Experimental controlled trials are an essential part of the development of new production methods or treatments. Calculating the appropriate sample size to demonstrate the efficacy of a new production method or a new treatment is not always straightforward, as the practical aspects of the trial need to be considered.
For example, in an agricultural context, a trial might be set up in a production setting to measure performance indicators of farm animals (such as feed conversion ratio or daily weight gain) in order to compare a new formulation (which we will refer to as the treatment) with a control feed. These types of trials will often be constrained by both animal welfare considerations and ensuring that the trial conditions are as similar to real-life conditions as possible (e.g. minimum and maximum flock or herd sizes, limited numbers of pens within a barn, all-in all-out production systems, etc.).
These logistical constraints mean that it is generally unlikely that a standard experimental design, such as a fully randomised block design, can be used. Therefore, though estimates of the expected effects, and sources and sizes of variation can be obtained from the literature or previous smaller scale studies, there is generally no off-the-shelf sample size calculator or formula that can be applied.
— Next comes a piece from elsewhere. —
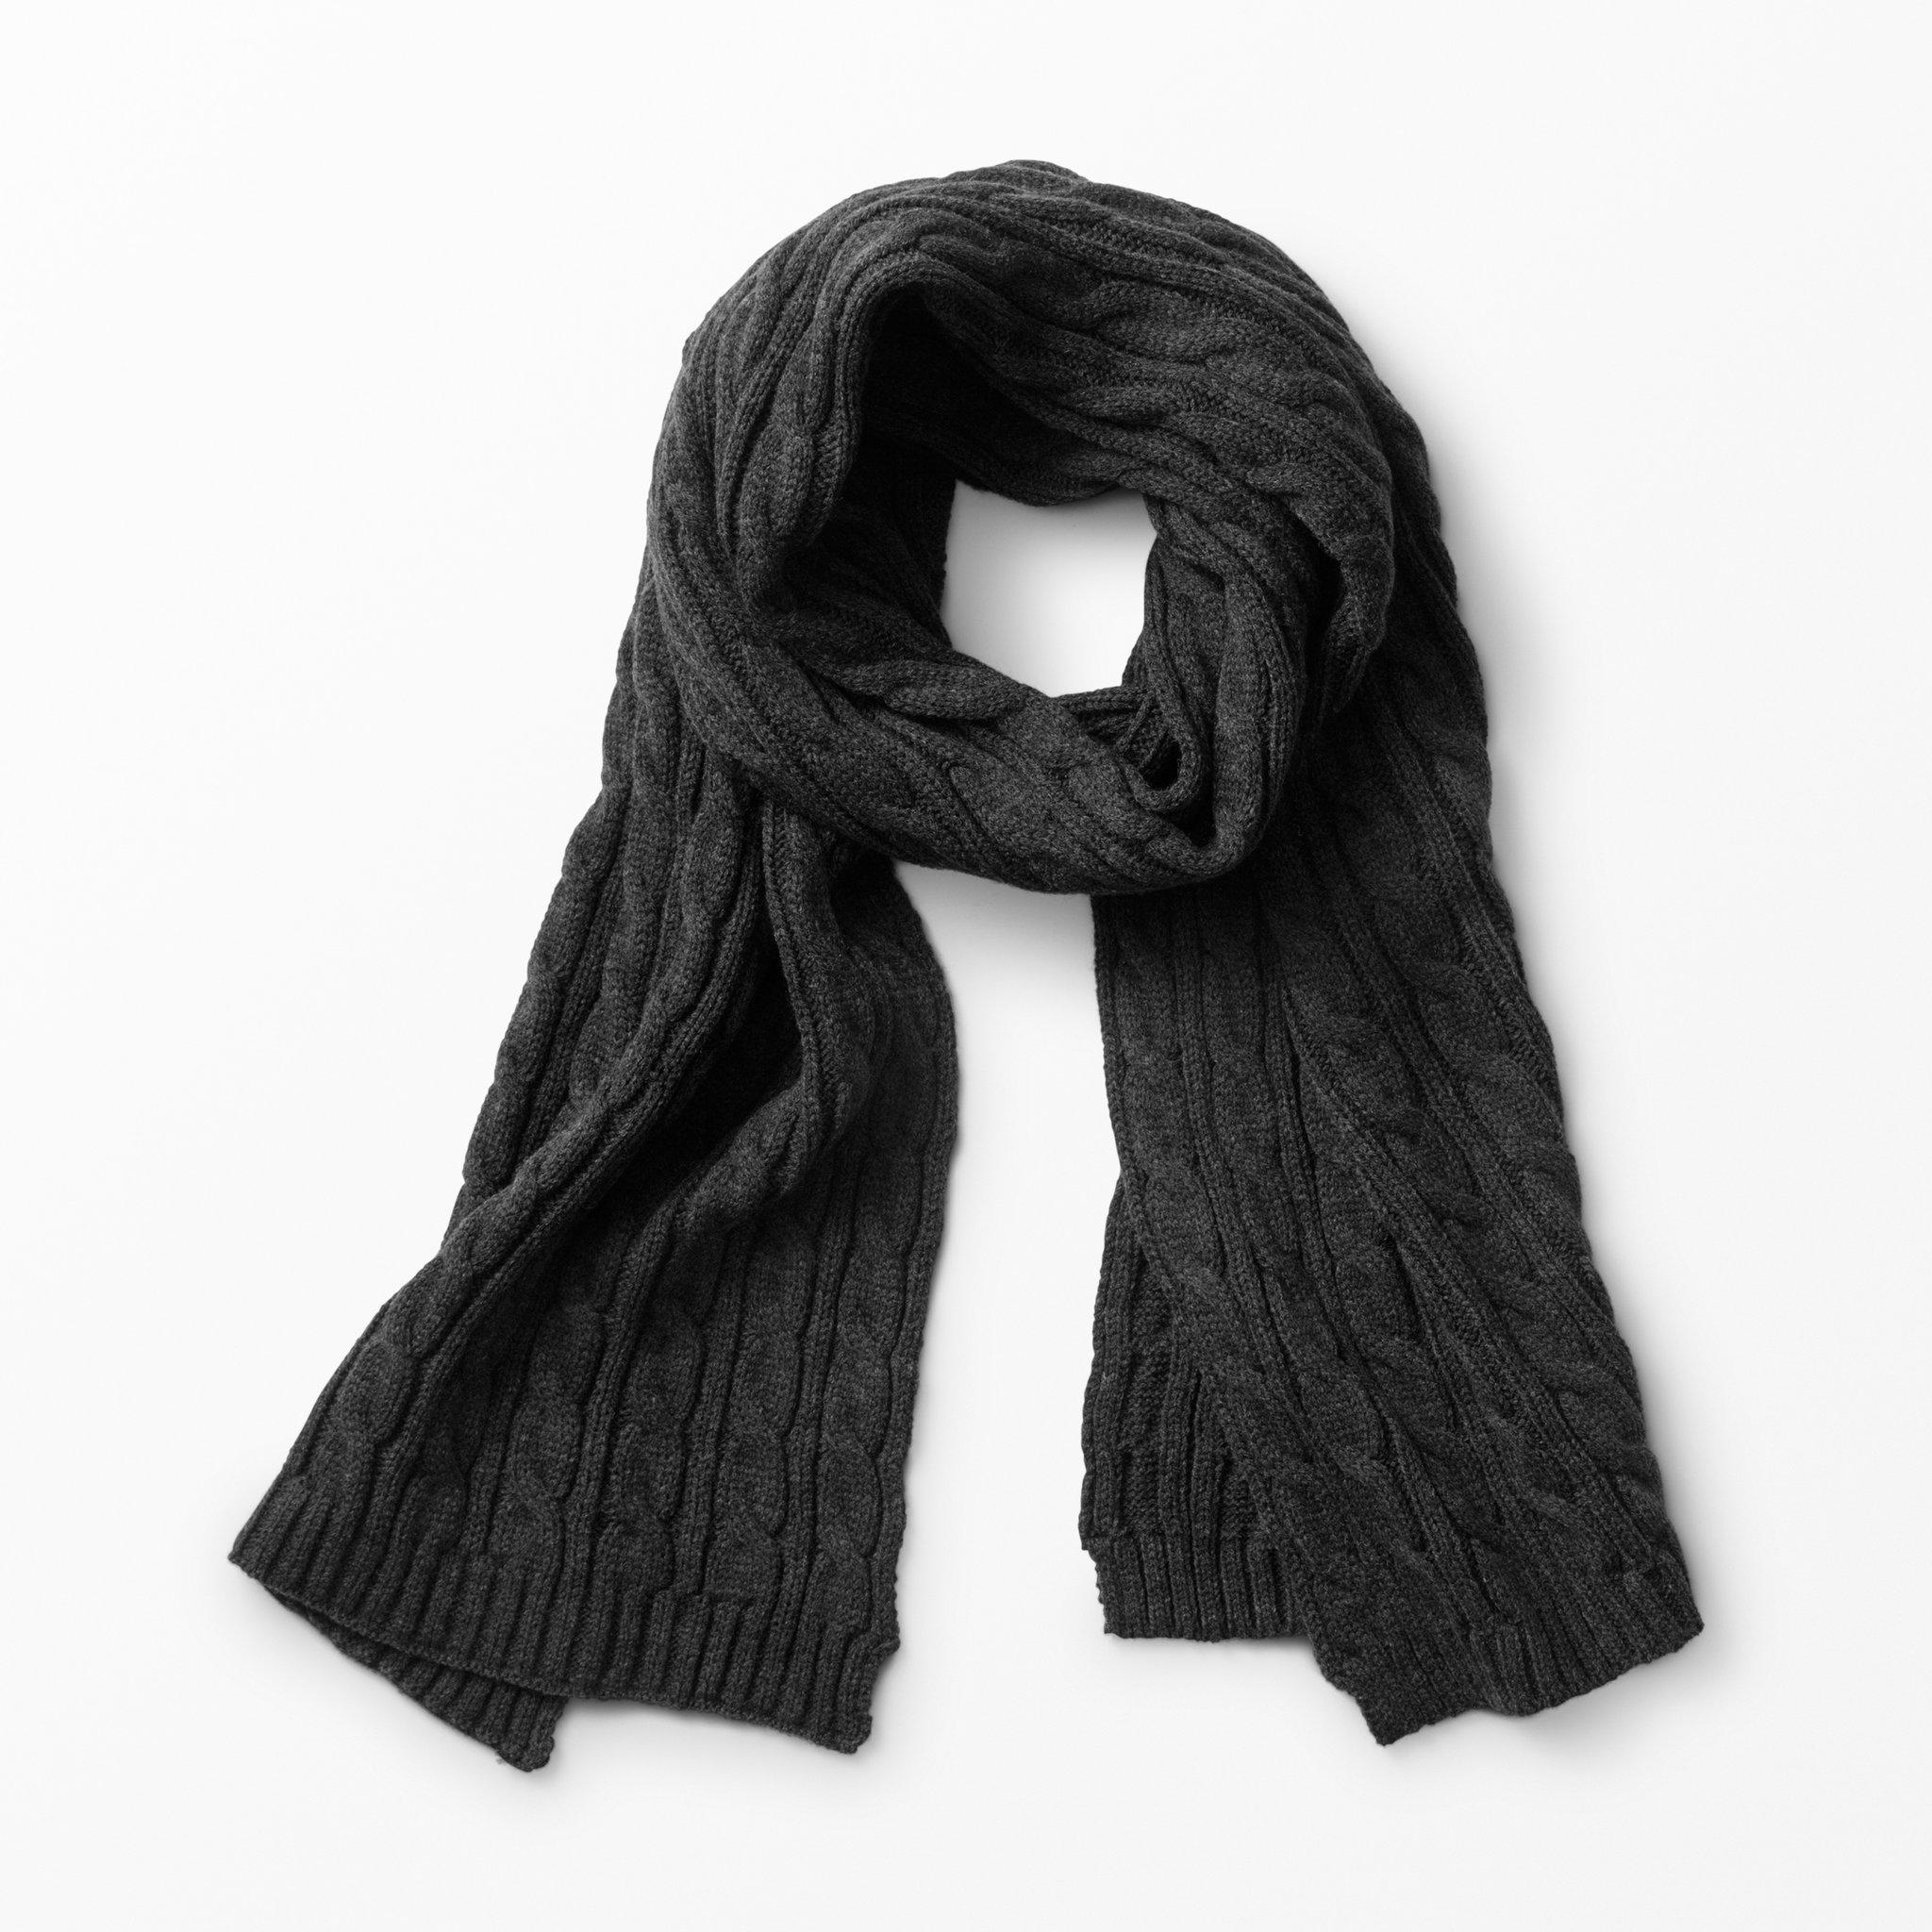 Halsduk kabelstickad - Halsdukar   scarves - Köp online på åhlens.se! cefb4578afab8

Calculating the appropriate sample size for a trial is about getting the right balance between having a sufficient number of subjects to be statistically confident that the minimum desired effect size can be detected and ensuring that the trial is logistically feasible (i.e. it does not need to be run for an extensively long time, or with far too many subjects).
In the absence of a “standard” sample size calculator, we can use a simulation-based approach. This approach consists of simulating a large number of datasets where the number of animals (or individual plants or crops), the number of blocks or other higher-level groupings (such as pens, herds, farms or fields) are varied across a range of values corresponding with likely practical designs.
As with any sample size calculation (or equivalently power analysis), this requires the use of sensible estimates of the expected effect size of the treatment compared to the control group as well as any other important contributors to the trial (e.g., the estimated variability between individual animals, or between groups of animals at the different levels of the design). These estimates can usually be obtained from previous studies, the literature or from expert panels.
The result is a number of simulations that each correspond to a specific sample size. For each simulation, we can fit a statistical model that, combined with repeated runs of the simulation, provides an estimate of the associated power to detect a statistically significant effect of the treatment of interest. The results of the simulations can then be visualised in the form of power curves where the estimated power to detect the desired effect is plotted against the range of sample sizes tested (an example of this is given in Figure 1).
This type of simulation approach gives us added flexibility for it also allows us to test a number of different scenarios. For example, for a range of possible sample sizes, we can investigate how varying the expected size of the treatment effect affects the estimated power to detect a significant effect (demonstrated by the different coloured lines in Figure 1).
The results of the simulations in Figure 1 indicate that as the sample size increases, so too does the estimated power to detect an effect. However, the power also varies considerably across the different effect sizes. For example, it is clear that whilst a sample size of 400 individual animals is more than adequate to detect a large effect size if it existed (in fact this effect could be detected with a power of over 80% with a sample size of only 120), this sample size would not be sufficient to detect a small effect size. For a medium effect size, we see that a sample size of 400 individual animals results in a power of 65%, which is equivalent to a 35% chance of failing to detect a statistically significant improvement if one were to exist. Therefore, even for a medium effect, it is likely that a larger sample size would be needed.
Note that this approach could also be carried out on other key variables (not just different possible effect sizes) such as the impact of different amounts of variability between individual subjects (or between groups of subjects) or any other confounding factor that should be controlled for during the analysis of the trial data.
Whichever final design you choose for your experiment, a simulation-based approach to calculating your sample size ensures that you will have the necessary power to detect a meaningful effect of your treatment with the level of confidence you require, whilst meeting the practical constraints of the trial.
Without having to run a number of different and potentially expensive trials, you can explore a range of scenarios, changing trial conditions or likely treatment effects, to understand their impact and thus inform the final design choice. This further enables you to be confident that your chosen design, including the sample size, will be appropriate to demonstrate and support the aims of your study. While we illustrated the approach in an agricultural experiment context, this type of simulation approach is well suited to any study with a complex design, including nested classifications, such as customer surveys or new stock management processes in the retail or leisure industry, or intervention studies in the education sector.
An additional advantage is that when using a simulation-based approach to calculate the sample size for your experiment, the statistical model that will be used for the data analysis needs to be specified. This also means that once the data has been collected at the end of the trial, the analysis can be done more quickly as the statistical model that will fit the data best has already been developed.